Descriptive rates of 6-month all-cause mortality and unintentional opioid overdose by group are shown in Table 3.

Discussion

We found that low barrier MOUD at an FQHC engaged a patient population more likely to be uninsured or publicly insured, with these patients having four times greater odds of initiating MOUD and achieving no statistically significant difference in 3-month retention in care compared to a historical control population treated through a traditional model of care. 6-month retention was greater in the low barrier intervention group, but the association was not significant. Hospital and ED utilization were similar between groups. For treatment programs considering a low barrier approach, this study provides reassurance that access to same-day MOUD is not associated with worse outcomes compared to delayed MOUD prescribing.

Although prior studies have evaluated primary care buprenorphine outcomes and low barrier models of treatment in various settings, our study is the first to investigate the effect of low barrier MOUD initiation and a harm reduction approach with a control group. Our study is also unique in including all patients who had any treatment-seeking interaction with the program, rather than only patients who initiated MOUD, which allows for a more complete view of the care continuum. This study demonstrates the feasibility of low barrier MOUD in primary care.

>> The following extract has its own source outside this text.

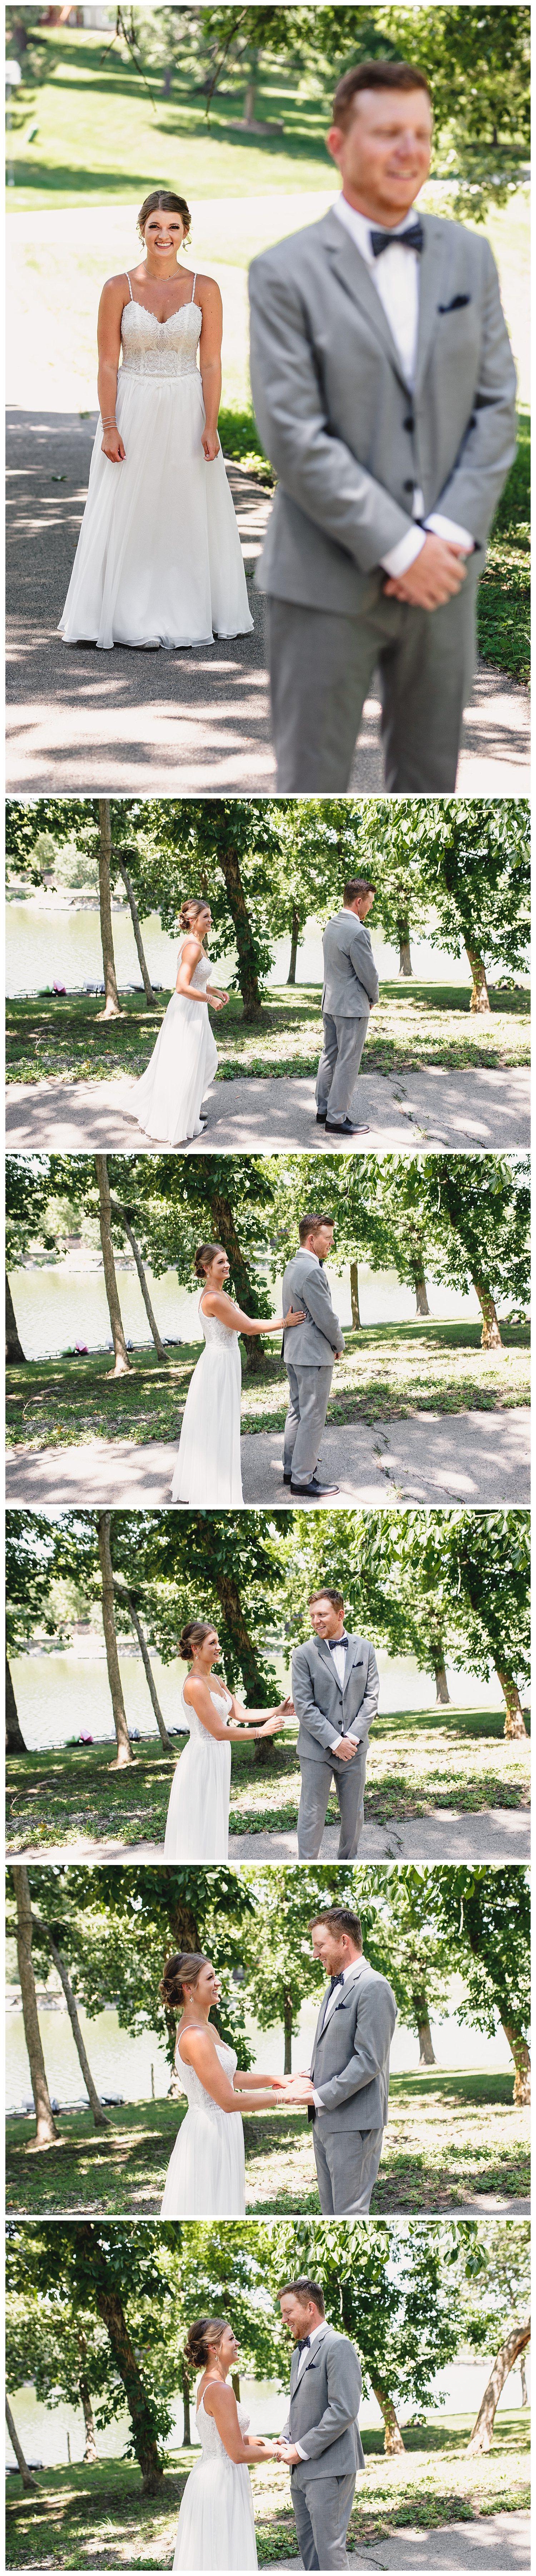 Kelsey_Diane_Photography_Kansas_City_Engagement_Wedding_Photographer_Midwest_Traveling_Missouri_Lee_Andrew_Hall_And_Garden_Blue_Springs_Wedding_Clayton_Kimberly_Summer_Wedding_0816.jpg
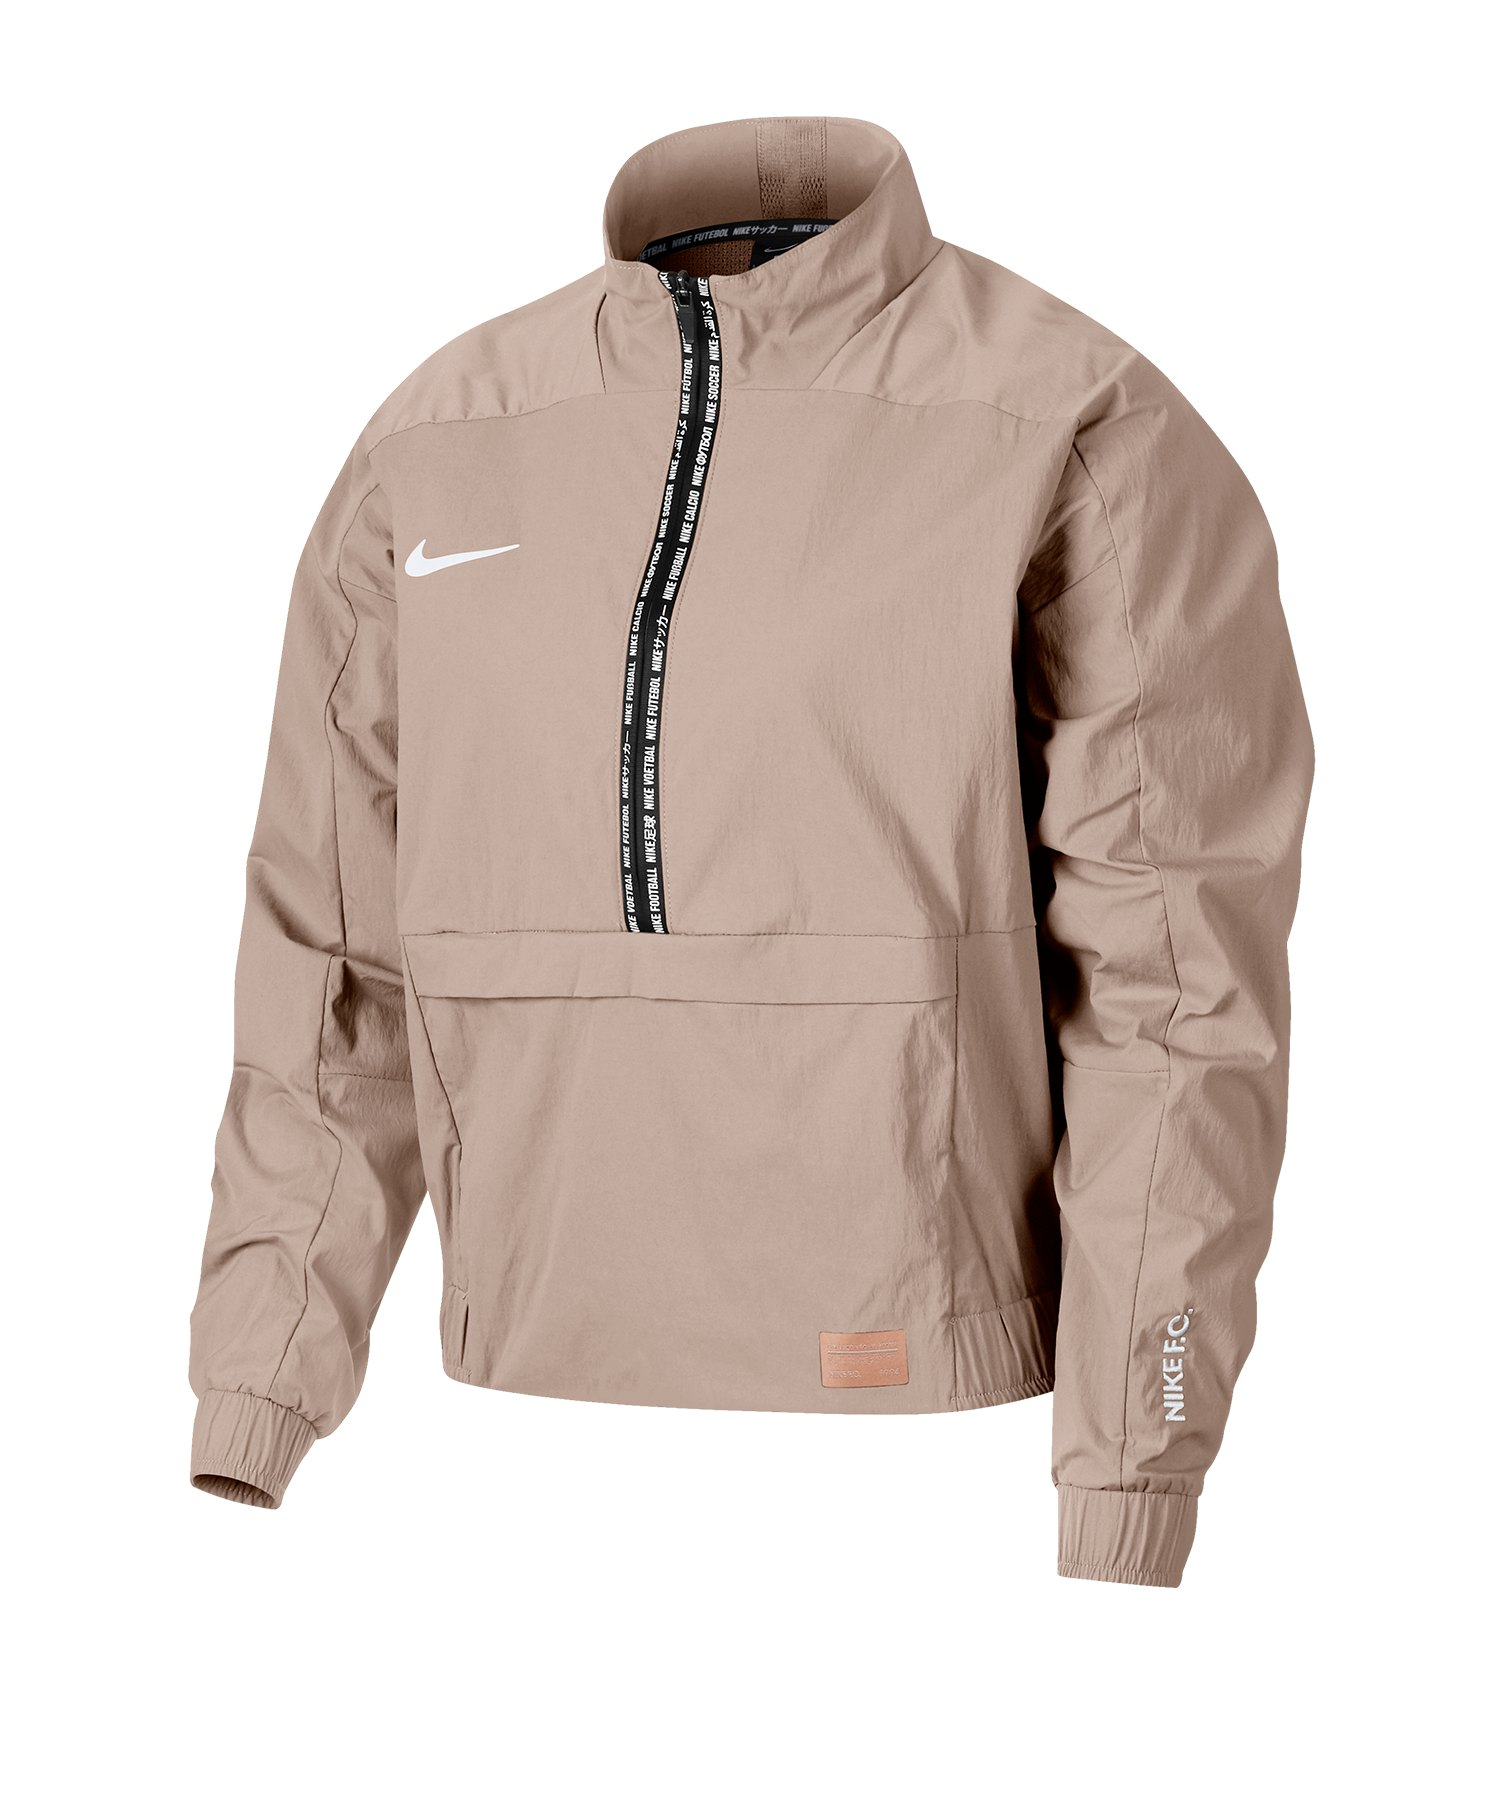 Nike F.C. Crop Jacket Jacke Damen Rosa F838

Our low barrier intervention group retention rates of 61.9% at 3 months and 53.1% at 6 months are consistent with rates in a recent systematic review of buprenorphine outcomes, ranging from about 40 to 65% at 6 months. [36] In community health centers, prior studies reported similar retention with multi-visit medication initiation with both abstinence-focused [37] and harm reduction treatment philosophies [33]. Compared to our results, both an FQHC low barrier group visit model [38] and low barrier treatment within a harm reduction agency [22] reported higher retention rates (82% and 68% at 3 months and 63% and 63% at 6 months, respectively), but their analyses only included patients who attended multiple visits. Low barrier programs in non-traditional settings achieved lower retention, including among patients recently incarcerated and experiencing homelessness. [23, 25]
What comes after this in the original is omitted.